She also spent several years serving as a graduate research associate for the NSF-funded Secondary Mathematics in-the-Moment Longitudinal Study (SMiLES). Previously, Adi was the first to formally oversee retention efforts at ASU's College of Health Solutions, where she aided in ASU 101 first year curriculum design and served as the chair of the college's case management committee and joint faculty and staff retention committee. Adi also served as the State Department Campus Affairs Coordinator for ASU for two years, and she earned both her bachelor's and master's degrees in political science from Arizona State University. She is now an assistant professor of psychology at Elon University, and maintains her role as a faculty affiliate at ASU as part of her ongoing collaborations with ASU researchers and faculty.
Ph.D., Psychology, Arizona State University
- Dissertation: Using the psychology of immediate rewards to improve intergroup contact across the political divide.
M.A., Psychology, Arizona State University
- Thesis: Socially motivated economic attitudes? Examining the impact of status desire on economic and social political attitudes.

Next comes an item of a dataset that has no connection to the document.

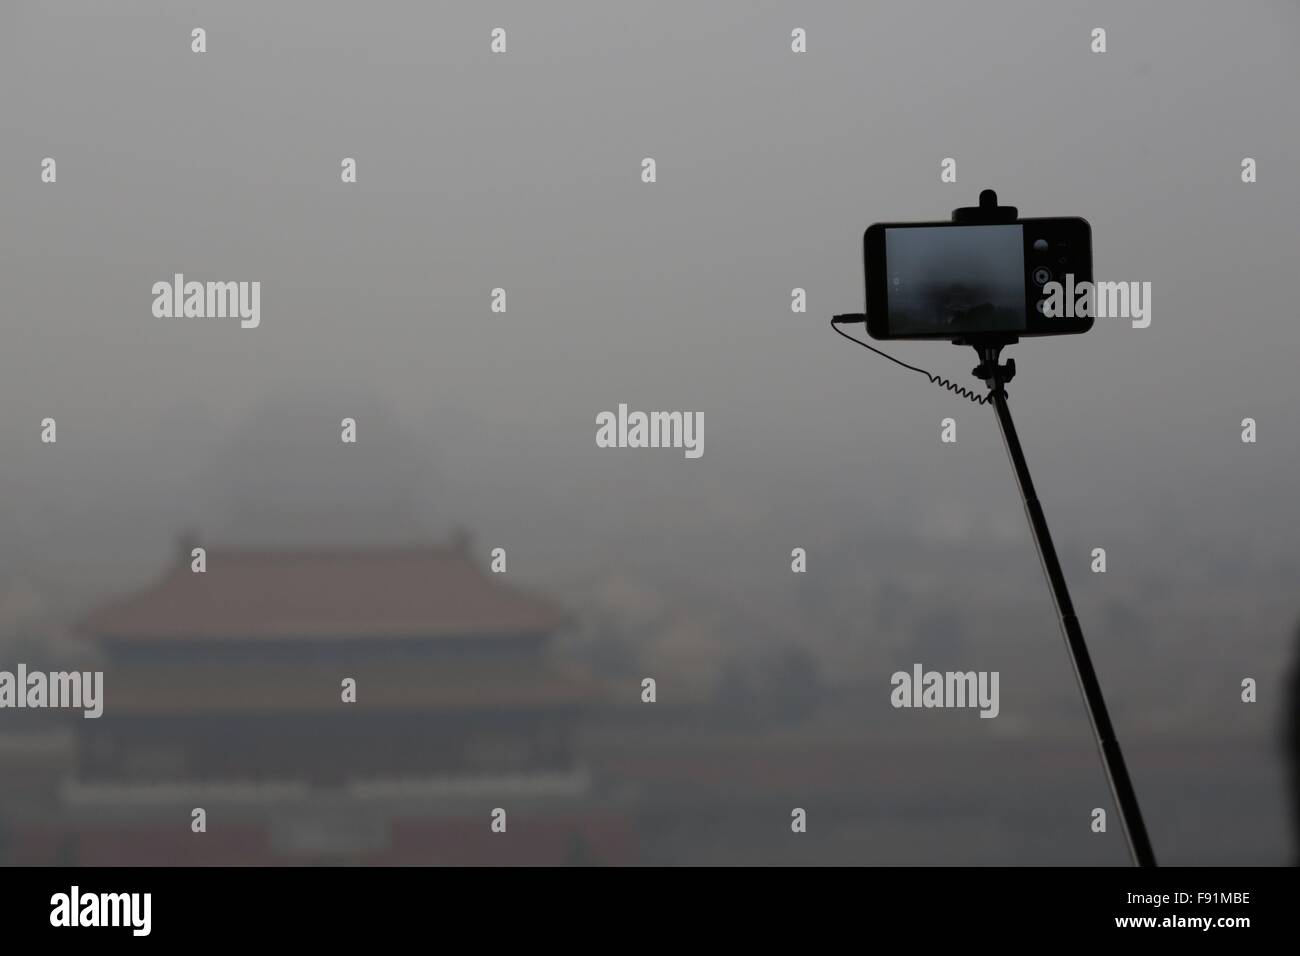 (151213) -- BEIJING, 13 décembre 2015 (Xinhua) -- un touriste prend photo de la Cité interdite au milieu du smog lourds au Parc Jingshan à Beijing, capitale de Chine, le 8 décembre 2015. Dans le cadre d'une alerte rouge, la plus grave, au niveau de la gestion d'urgence de la ville a avisé l'administration centrale des jardins d'enfants, les écoles primaires et secondaires de suspendre les opérations de plein air, classes interdites sur les sites de construction et certaines installations industrielles nécessaires pour limiter ou d'arrêter la production. L'utilisation de la voiture a été limitée au cours de la période d'alerte rouge que les voitures sont autorisés sur les routes en alternance en fonction de la les numéros pairs ou impairs de leur licence plat Banque D'Images

M.A., Political Science, Arizona State University
- Thesis: Is political science raising politicians?: The influence of civic education on political ambition.
B.A., Political Science, Arizona State University
- Thesis: Putting the “AP” in the gender gap: A content analysis exploring the differential treatment of women in regular and AP high school civics textbooks.
Political psychology, political attitudes, attitude change, leadership, political polarization, stereotypes, evolutionary psychology, motivation, affect, education.